Elizabeth laughed. “I must have been most tiresome.”

“Never. You were always charming.”

“No, be serious, what did you think of me? I do clearly remember that my appearance shocked you. The first words from your mouth were, ‘Jove, how did you live?’”

He kissed her forehead. “I am sure I said nothing of the sort.”

“And I am sure you did.” She grinned up at his face in a way that invited her husband to kiss her, which he did.

“Well, your appearance now certainly lacks nothing. And I find it easiest to remember that which I love.”

“I remember that I had a terrible tantrum when we first left the carriage. I think I was upset that you did not wish to let me take a walk.”

“You fell and scraped your hands. But I never thought ill of you on that account. You were chiefly unhappy, I think, that you had little say in how your time would be used or in what you would be permitted to do when in your aunt’s house.”

“No wonder I was so unhappy to return to this house.”

“She was unkind to you.”

“While you were always exceedingly kind to me. You always talked to me as a fellow human, not as a blind, pitiable creature—I sobbed for half an hour when you left for your university.”

“I had no notion,” Darcy replied. “I recall thinking that you had borne up under the parting very well.”

“Of course I did. Your father was watching. I seldom dared to cry in front of him.”

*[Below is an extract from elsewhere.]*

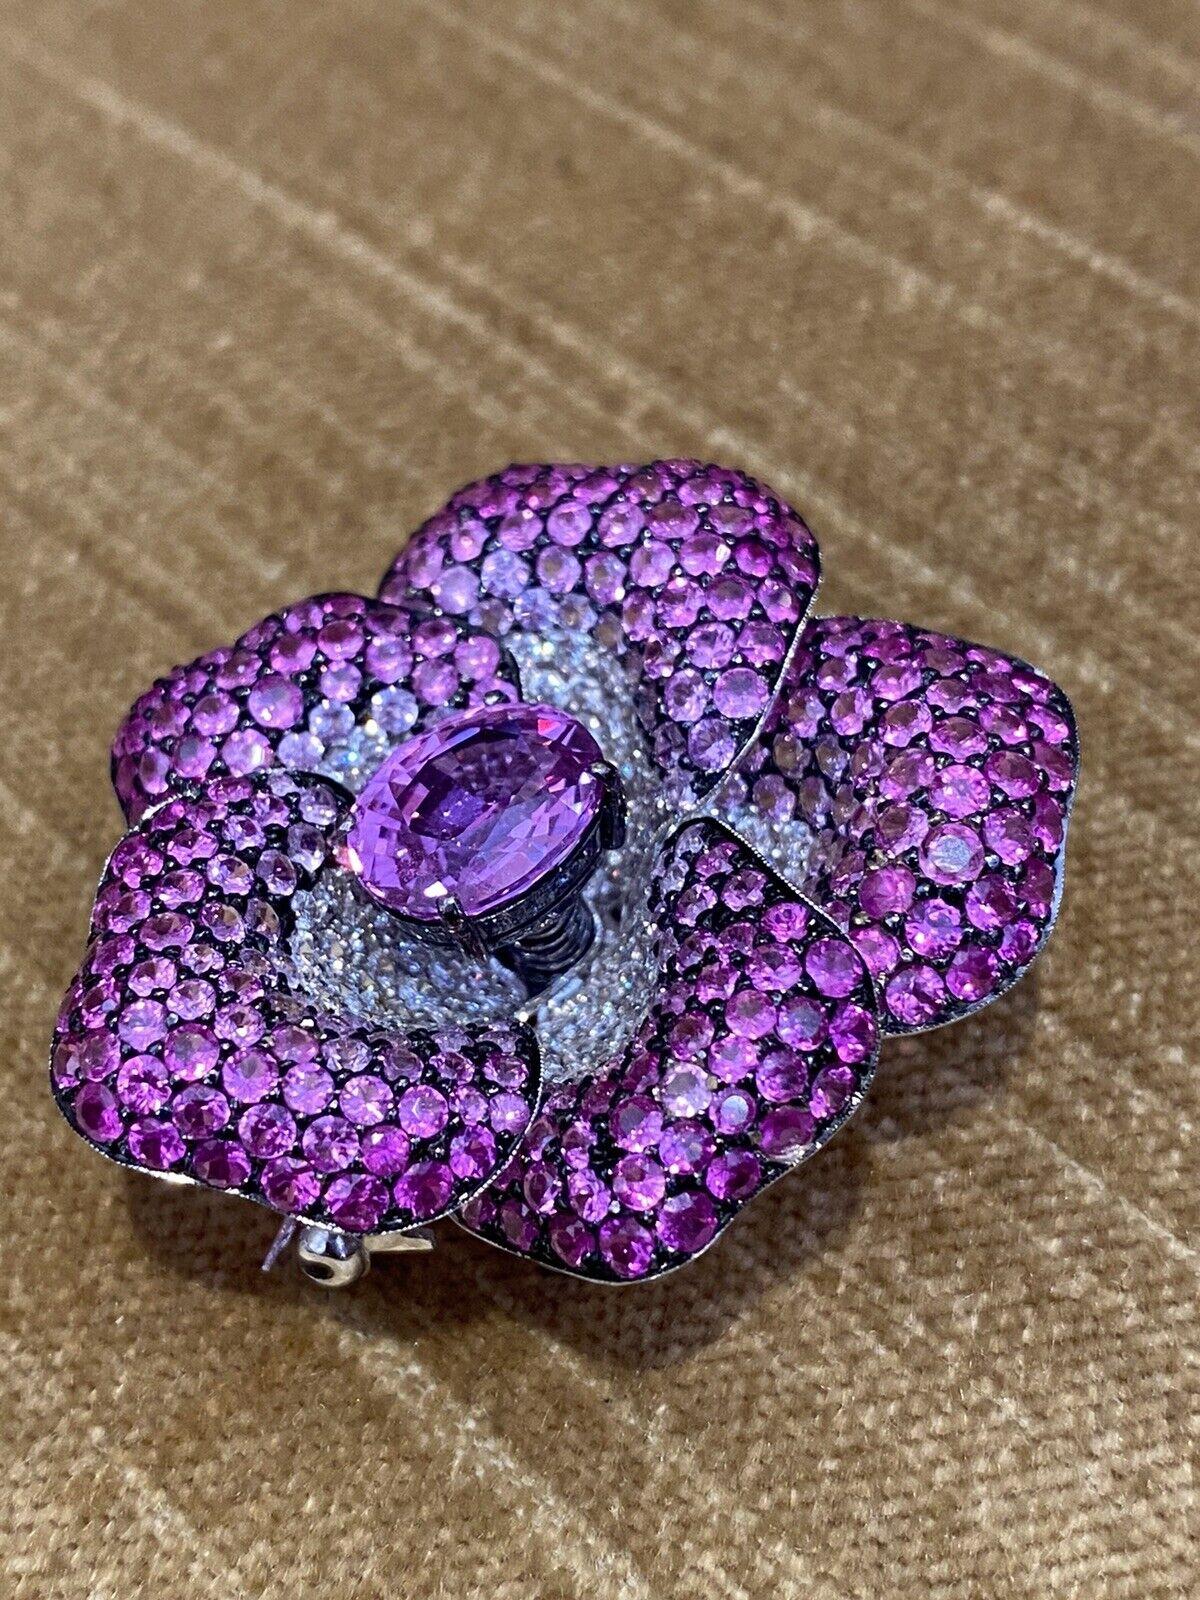 GIA Certified Pink Sapphire and Diamond Flower Pin/Brooch in 18k White Gold

Diamond and Sapphire Flower Pin features a 4.37 carat Natural Oval Purplish Pink Sapphire in the center, surrounded by Pave set Round Diamonds and Pink Sapphires graduating

“I never did,” Darcy replied. “I hope Bennet will always…it is not that I wish him to cry easily. But I wish him to know that there is nothing unmanly in doing so. And to always know that I am proud of him. I have told you how Papa told me that he was proud of me, when he was dying. But he only said that after I convinced him that I did not depend upon his approval. Jove, what a mess he made of rearing us. George most of all, for he really was a second father to Wickham.”

“Your father had a great mix of good and bad features,” Elizabeth replied. “But the good features predominated.”

“I am not so certain—I hope to never be too satisfied with myself, to be more confident than I ought that my features are chiefly good. One must always be aware that it is possible to be wrong, and to make mistakes in matters of importance. Perhaps—I will face a test someday, when I may fall into an error like my father did with promoting your sister’s marriage to Wickham.

I hope to pass that test, but I cannot expect to do so. ”

“You will,” Elizabeth said confidently. “Even though it will be in a case where all courses seem bad or perhaps they all seem good—what matters most is that you seek to accept others as they in fact are, rather than wishing them to be something different.”

“I shall at least depend upon you to love me, even when I am in error. And to tell me.”

“Oh, you may certainly depend upon me telling you when you are in error—do you mind if we simply walk the whole way to Netherfield? I feel the need to stretch my legs.”

“Two miles, Mrs. Darcy? While in the family way?” Darcy said in mock shock.

His wife laughed, and they walked the whole way back, talking and laughing. And when they returned, Bennet had just woken from a nap and ran to embrace first his mother and then his father.